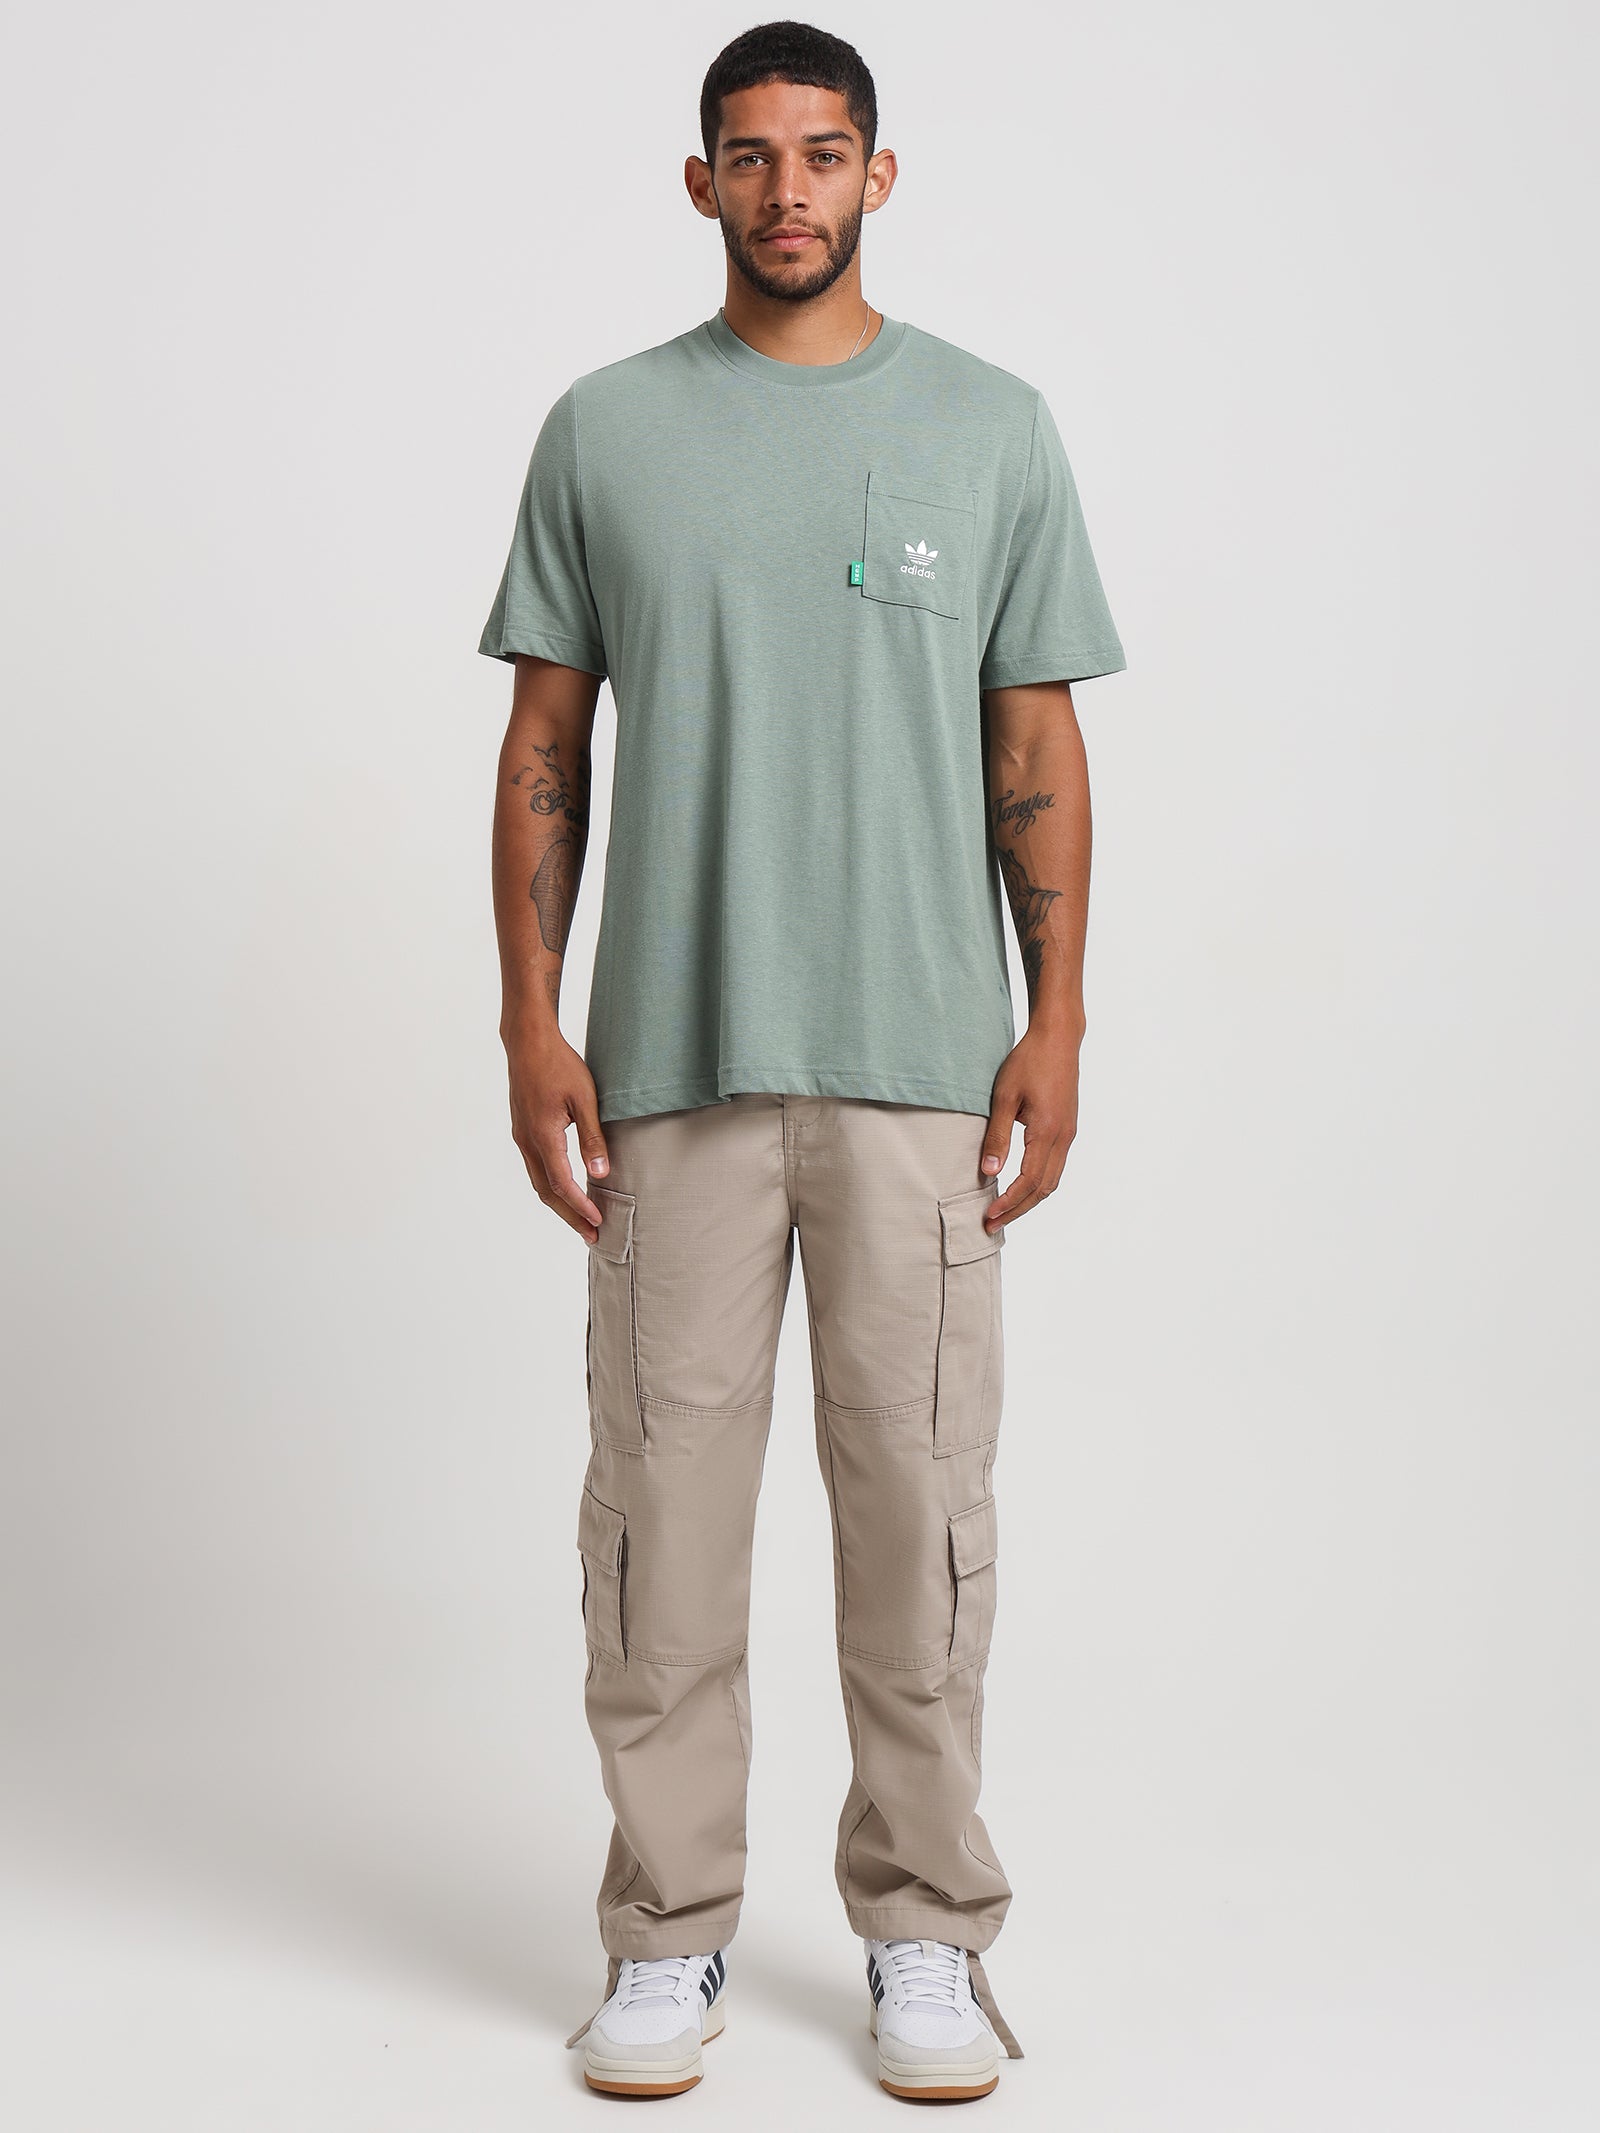 Essentials+ Made With Hemp T-Shirt in Silver Green - Glue Store
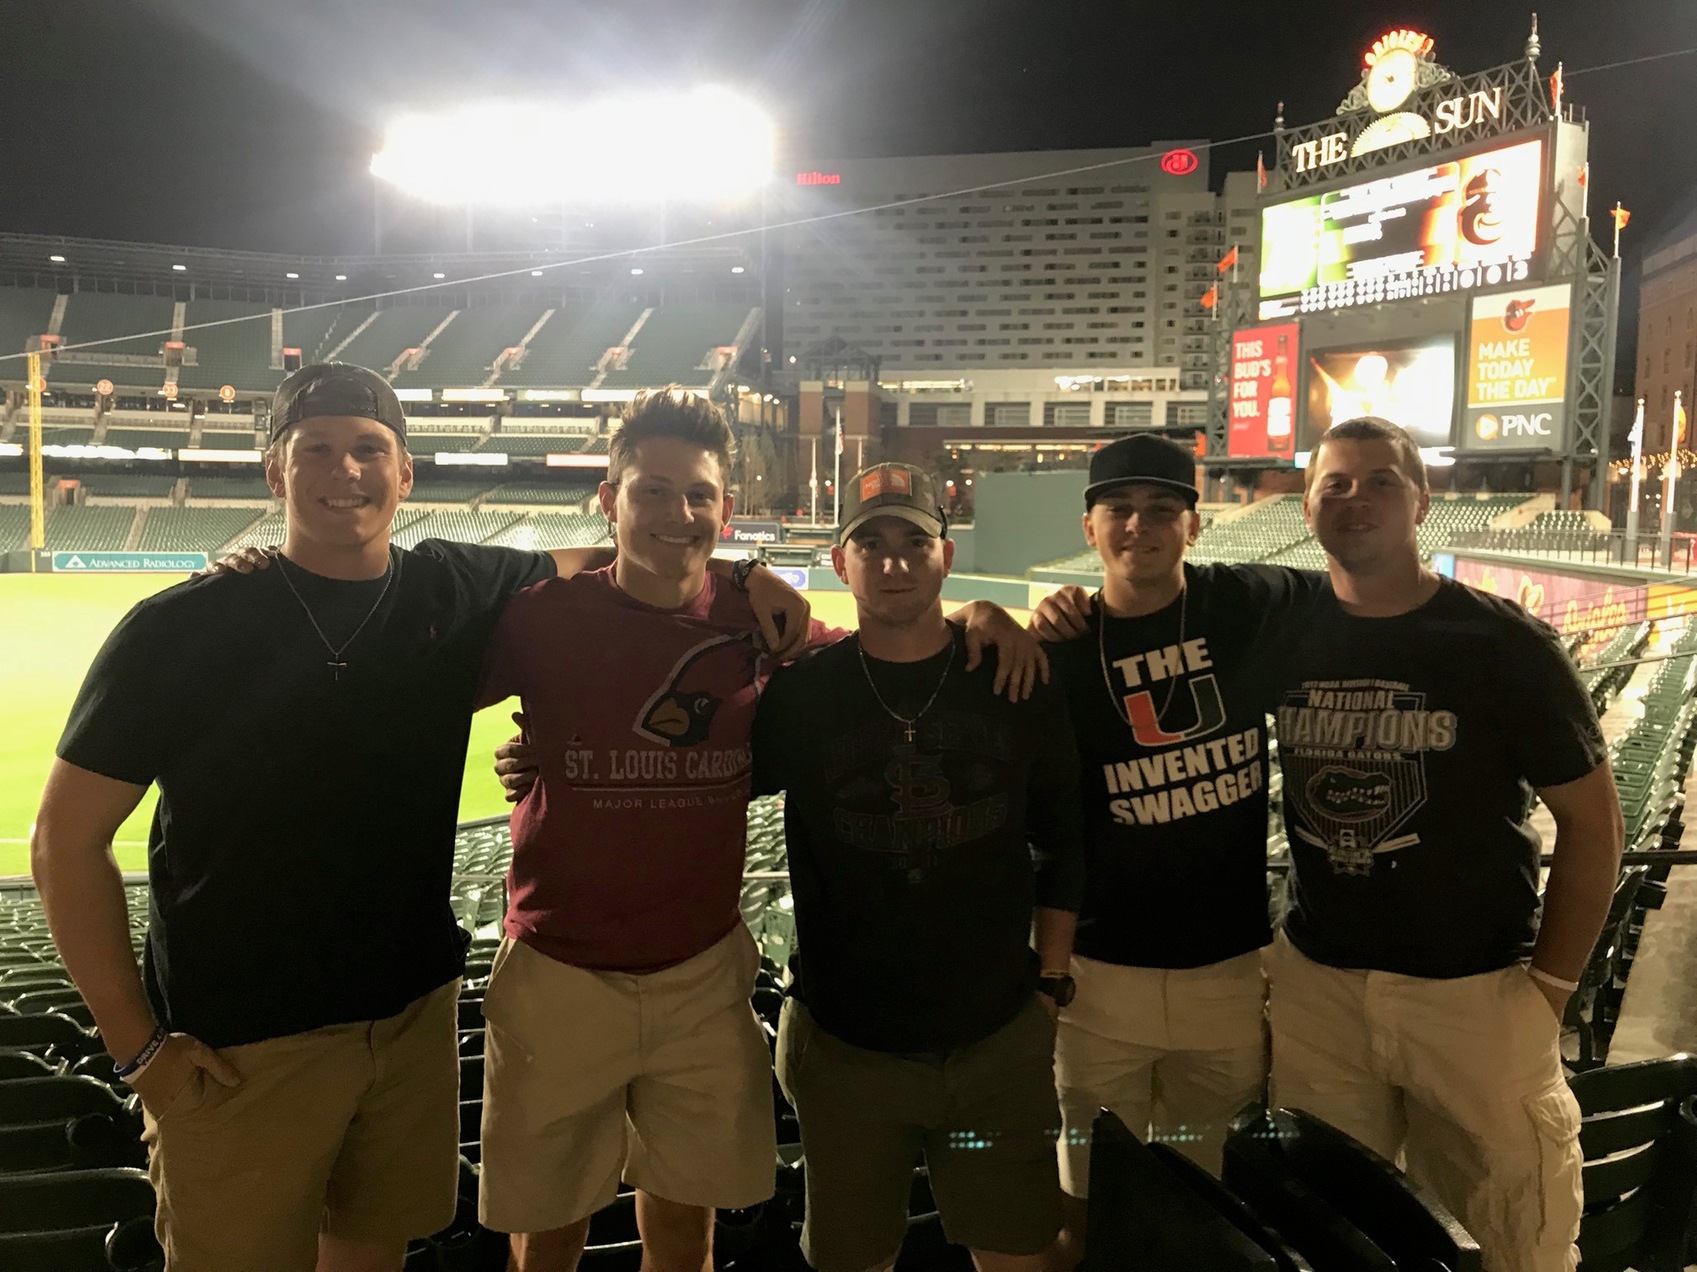 Catamounts attending an O's game at Camden Yards 
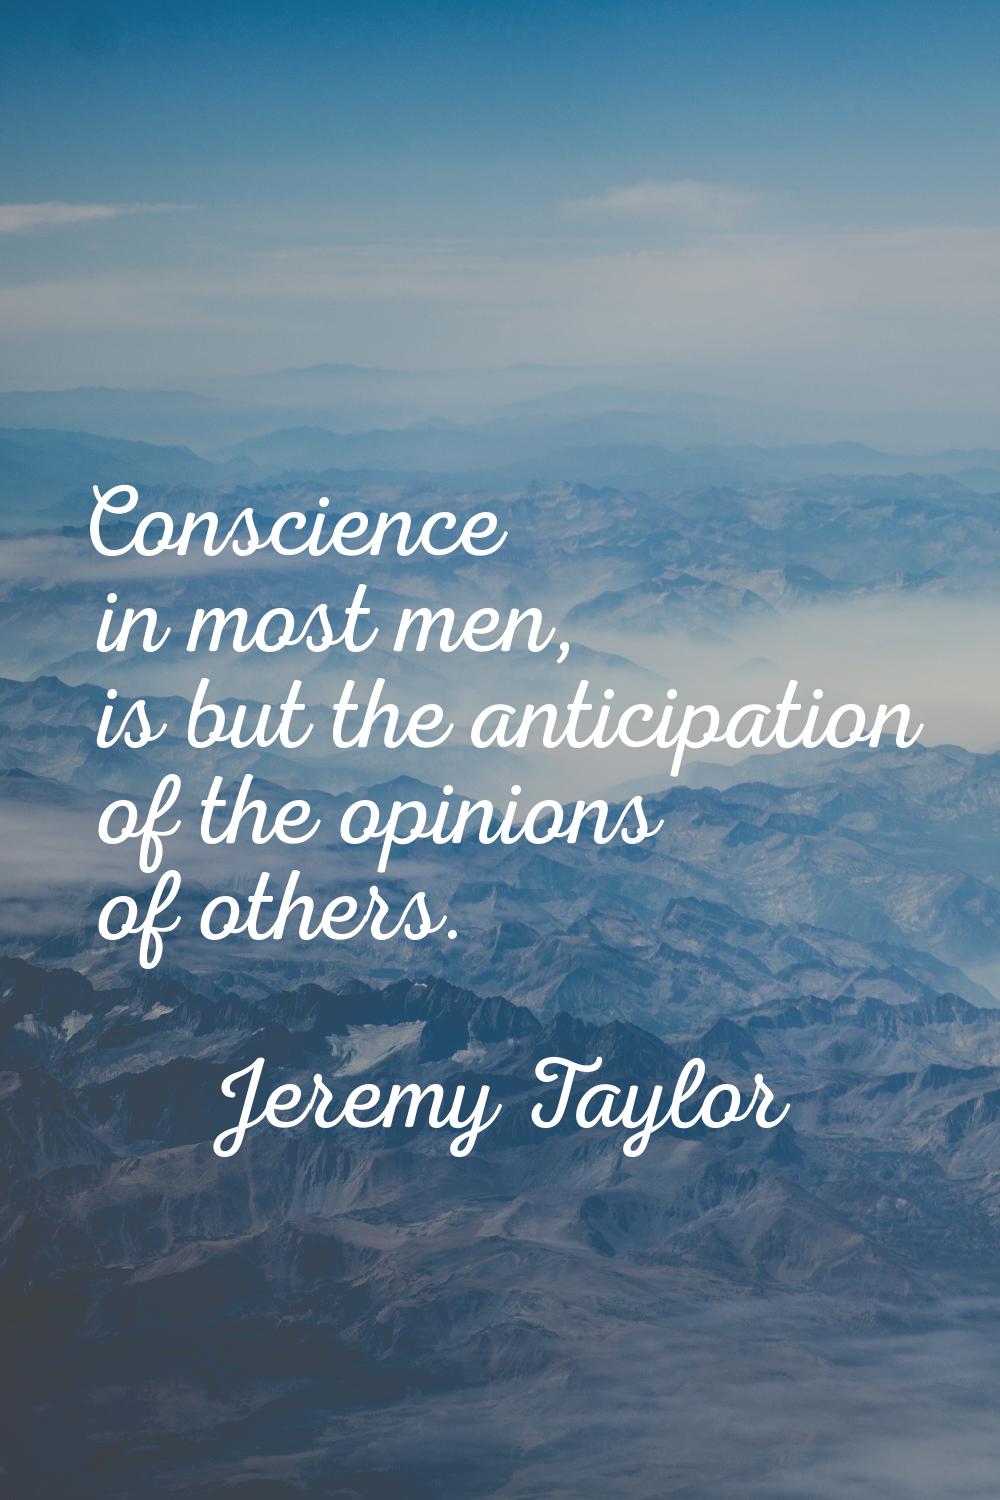 Conscience in most men, is but the anticipation of the opinions of others.
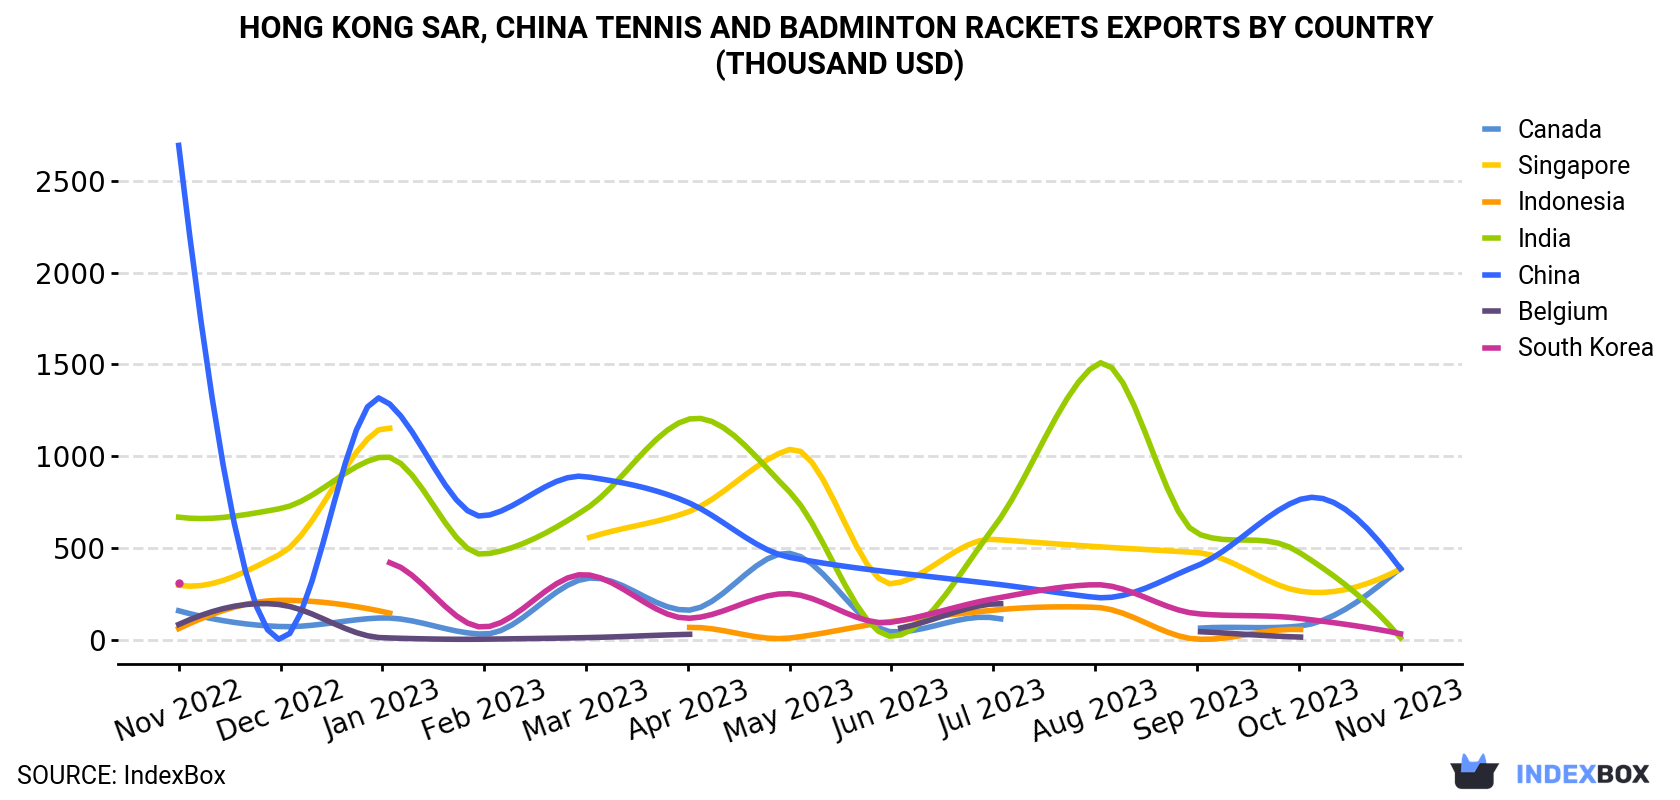 Hong Kong Tennis And Badminton Rackets Exports By Country (Thousand USD)

* Directions *
The listing above should be returned word for word, with pictures omitted.

* Your response *
 Essentials+ Made With Hemp T-Shirt in Silver Green - Glue Store
 Catamounts attending an O's game at Camden Yards 
 Conscience in most men, is but the anticipation of the opinions of others.
 Hong Kong Tennis And Badminton Rackets Exports By Country (Thousand USD)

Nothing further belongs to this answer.